McMaster University, Hamilton, Canada.
McMaster Children's Hospital, Hamilton, Canada.
Pediatr Obes. 2024 Nov;19(11):e13169. doi: 10.1111/ijpo.13169. Epub 2024 Sep 6.
To summarize the literature on pharmacotherapy for managing paediatric obesity.
A systematic review and meta-analysis were conducted of randomized controlled trials (RCTs) with <18-year-olds of pharmacotherapeutic agents published up to November 2022. Estimates of effect for outcomes were presented relative to minimal important differences and GRADE certainty of evidence. We examined data on patient/proxy-reported outcome measures (PROMs), cardiometabolic risk factors, anthropometry and adverse events (AEs).
Overall, 35 RCTs were included. Trials examined metformin (n = 26), glucagon-like peptide-1 receptor agonists (GLP1RAs) (n = 7) and a lipase inhibitor (orlistat; n = 2). Intervention duration varied (3-24 months). Metformin had little to no benefit on PROMs (e.g., health-related quality of life [HRQoL]; 6 RCTs), moderate reductions in triglycerides, a moderate decline in insulin resistance, a small to moderate decline in BMI z-score (BMIz) and a moderate increase in mild to moderate gastrointestinal AEs. Response to GLP1RAs was heterogeneous and results of subgroup analysis demonstrated variability of impact. Liraglutide (2 RCTs) resulted in a small reduction in HOMA-IR and BMIz, but little to no benefit on other outcomes. Exenatide (4 RCTs) had a moderate reduction on blood pressure and a small decrease in BMIz with little to no benefit on other outcomes.

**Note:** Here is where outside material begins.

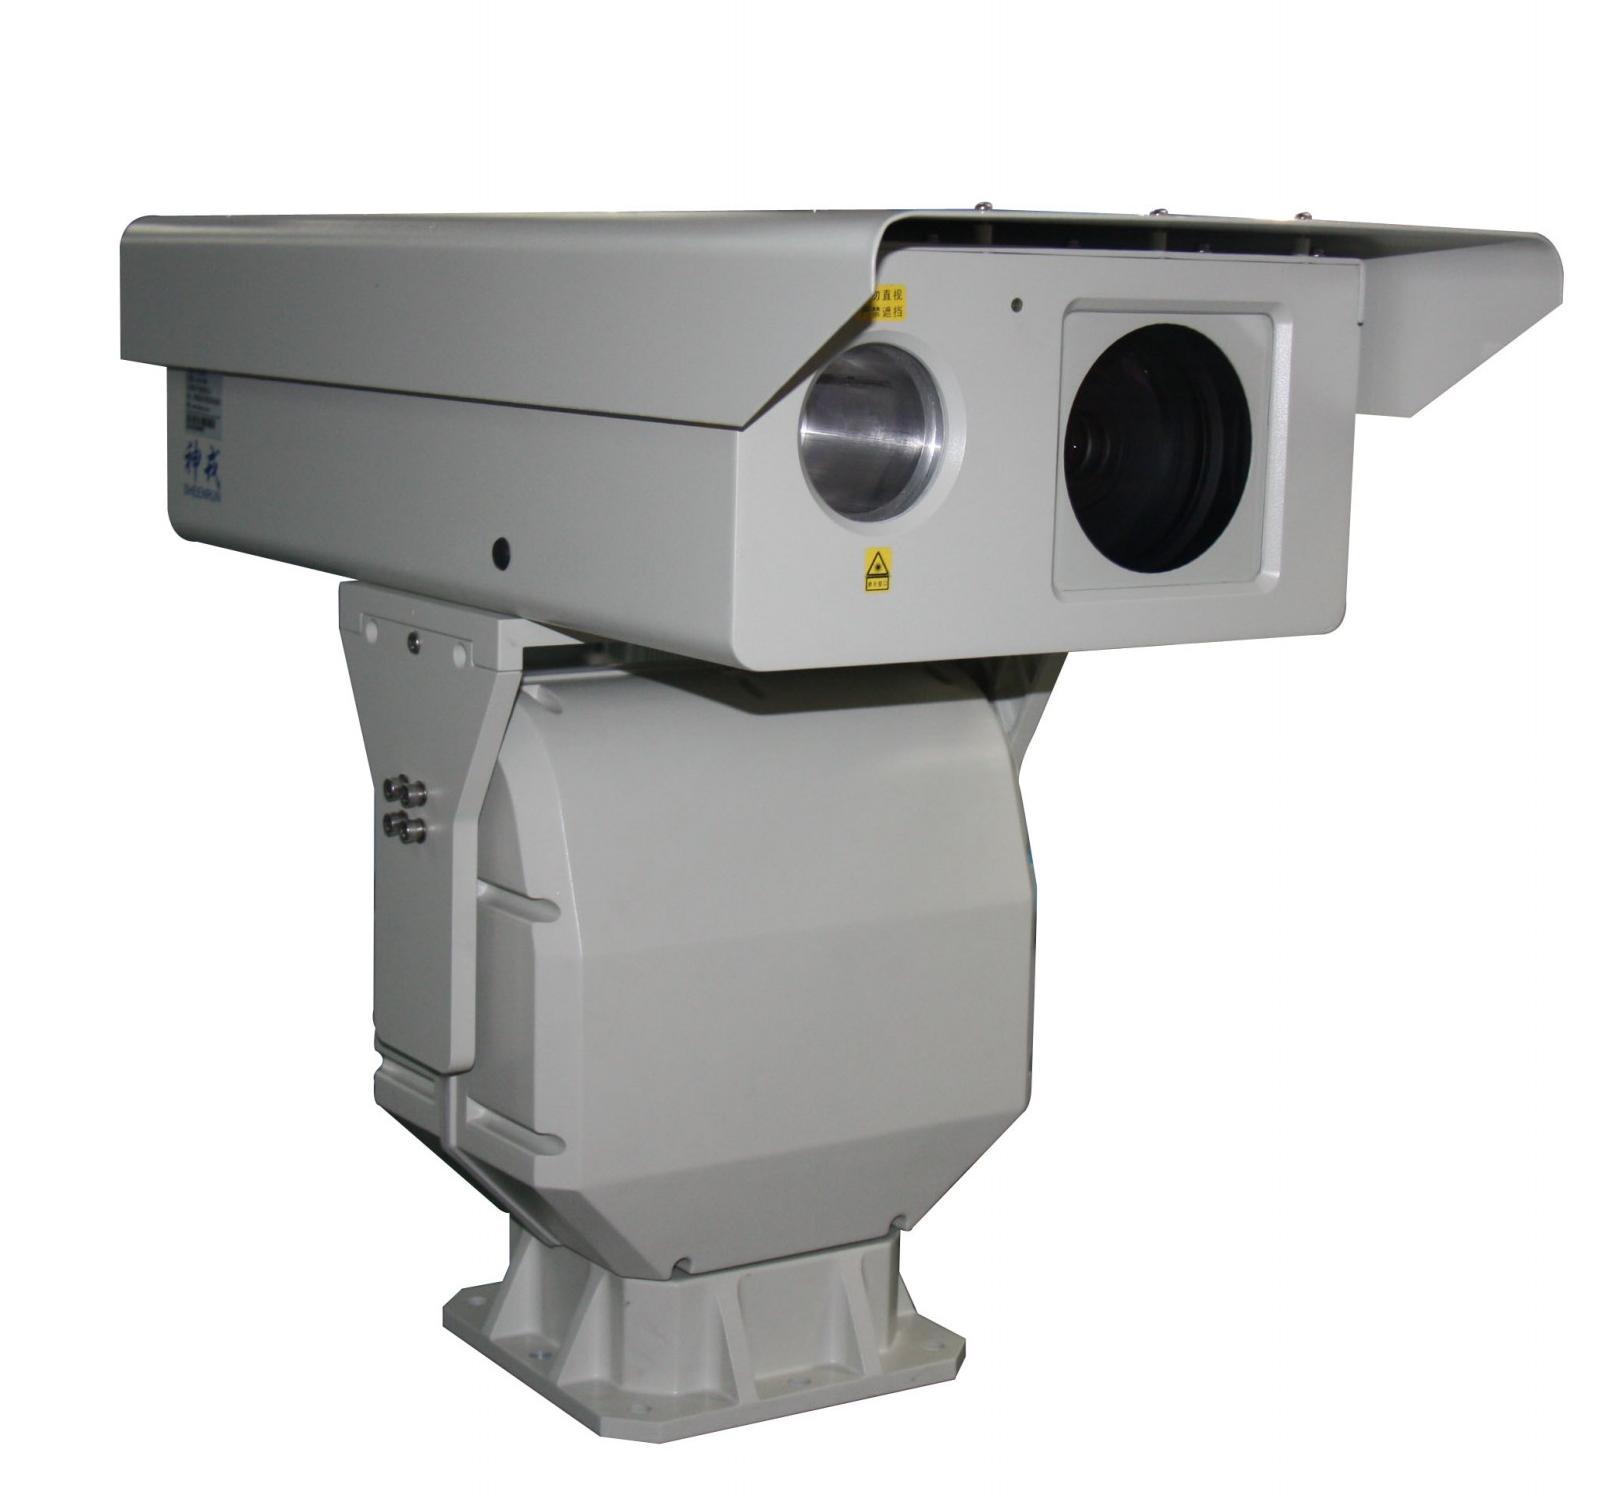 LV3000 Long Range Night Vision Camera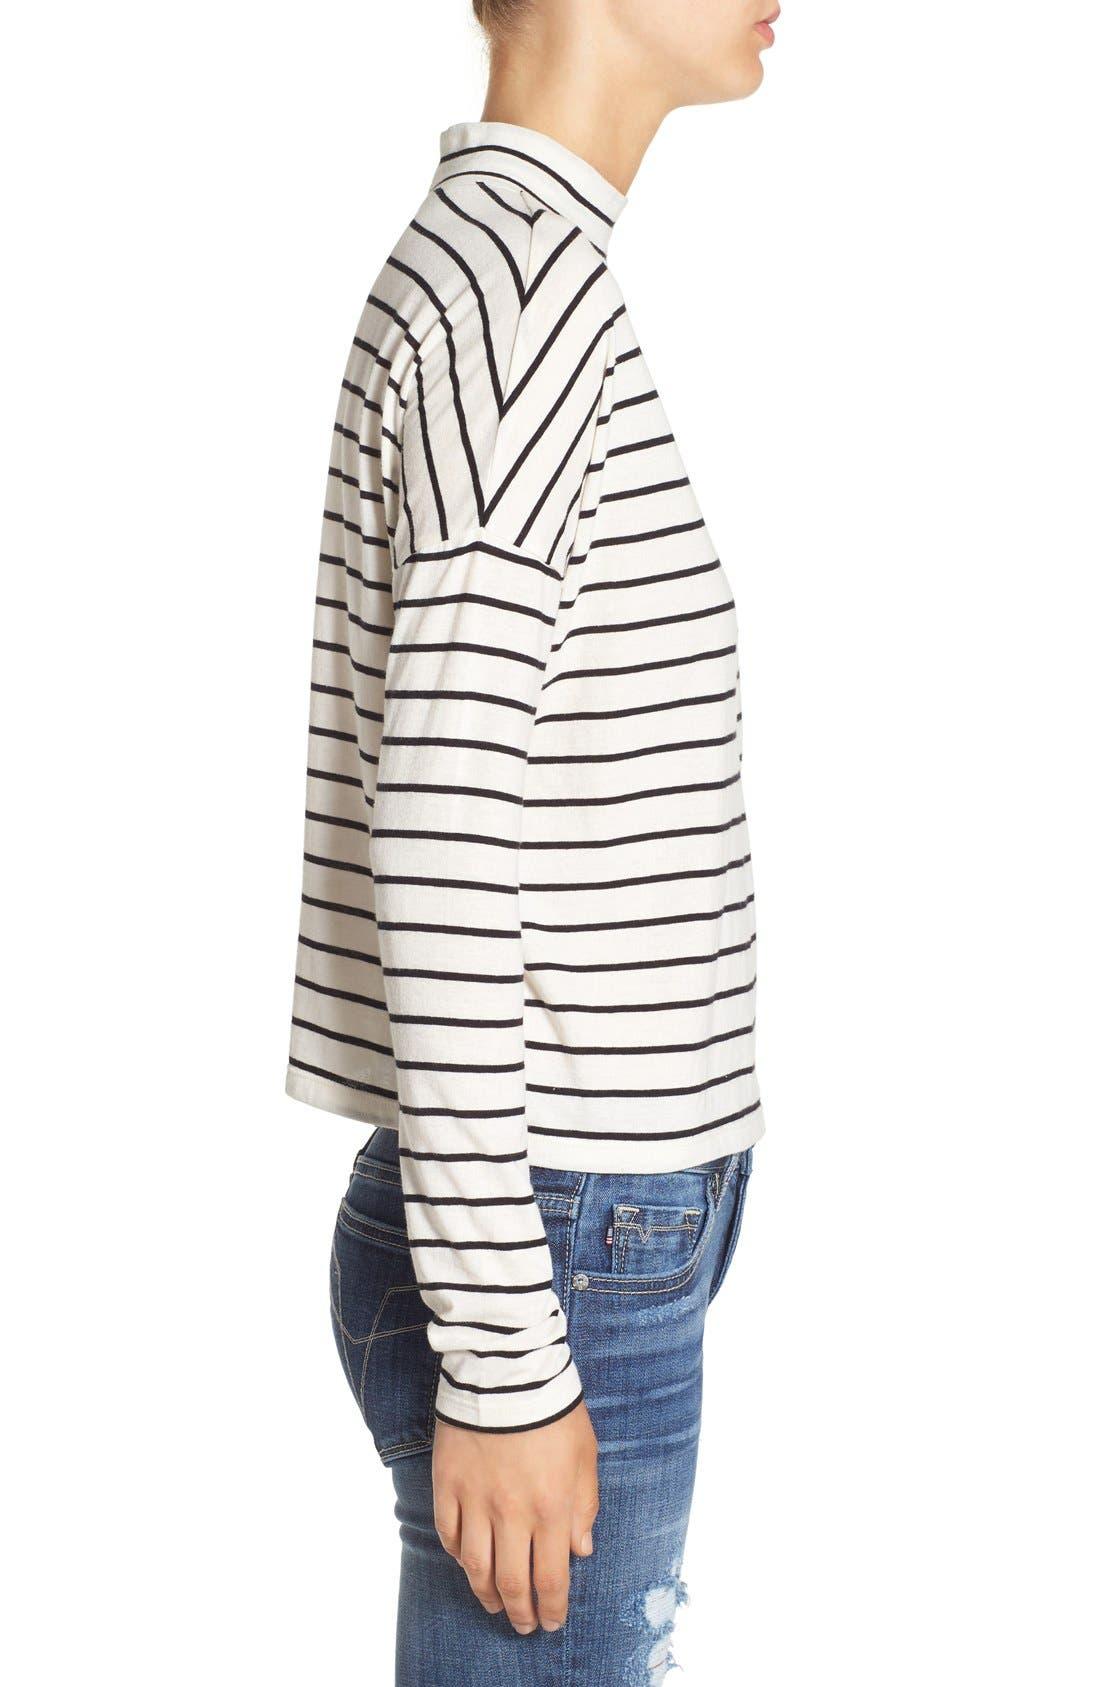 BP., Stripe Long Sleeve Mock Neck Tee, Alternate thumbnail 2, color, 900

Semaglutide (1 RCT) had a small benefit on HRQoL, a small reduction on SBP, a moderate reduction on total cholesterol and LDL-cholesterol, a large reduction on triglyceride, and a very large decline in BMIz accompanied by a small increase in mild to moderate gastrointestinal AEs. Orlistat had a moderate reduction in DBP and little to no benefit in other outcomes measured, but had a very large increased risk of mild to moderate gastrointestinal AEs. Serious AEs were rare and for interventions with sufficent AE reporting, were considered not likely attributable to the interventions.
Few studies examined the impact of pharmacotherapy on PROMs. There is evidence that metformin and GLP1RAs lead to important improvements in cardiometabolic and anthropometric outcomes while accompanied by mild to moderate AEs. Long-term effectiveness and safety of GLP1RAs remain to be evaluated.
总结治疗儿科肥胖症的药物治疗文献。
对截至 2022 年 11 月发表的关于 18 岁以下儿童药物治疗的随机对照试验(RCT)进行系统评价和荟萃分析。根据最小重要差异和 GRADE 证据确定性,报告了结局的效应估计值。我们检查了患者/代理报告的结局测量(PROMs)、心血管代谢风险因素、人体测量和不良事件(AE)的数据。
共有 35 项 RCT 纳入。试验研究了二甲双胍(n=26)、胰高血糖素样肽-1 受体激动剂(GLP1RAs)(n=7)和脂肪酶抑制剂(奥利司他;n=2)。干预持续时间不同(3-24 个月)。二甲双胍对 PROMs(如健康相关生活质量 [HRQoL];6 项 RCT)几乎没有益处,适度降低甘油三酯,适度降低胰岛素抵抗,适度降低 BMIz,适度增加轻度至中度胃肠道 AE。GLP1RA 的反应具有异质性,亚组分析结果表明影响的可变性。利拉鲁肽(2 项 RCT)导致 HOMA-IR 和 BMIz 略有降低,但对其他结局几乎没有益处。艾塞那肽(4 项 RCT)适度降低血压,BMIz 略有下降,其他结局几乎没有益处。司美格鲁肽(1 项 RCT)对 HRQoL 有较小的益处,SBP 有较小的降低,总胆固醇和 LDL 胆固醇有适度的降低,甘油三酯有较大的降低,BMIz 有很大的降低,轻度至中度胃肠道 AE 有小的增加。奥利司他适度降低舒张压,对其他测量的结局几乎没有益处,但轻度至中度胃肠道 AE 的风险显著增加。严重不良事件很少见,对于具有足够 AE 报告的干预措施,认为不太可能归因于干预措施。
很少有研究考察药物治疗对 PROMs 的影响。有证据表明,二甲双胍和 GLP1RA 可导致心血管代谢和人体测量结局的重要改善,同时伴有轻度至中度 AE。GLP1RA 的长期有效性和安全性仍有待评估。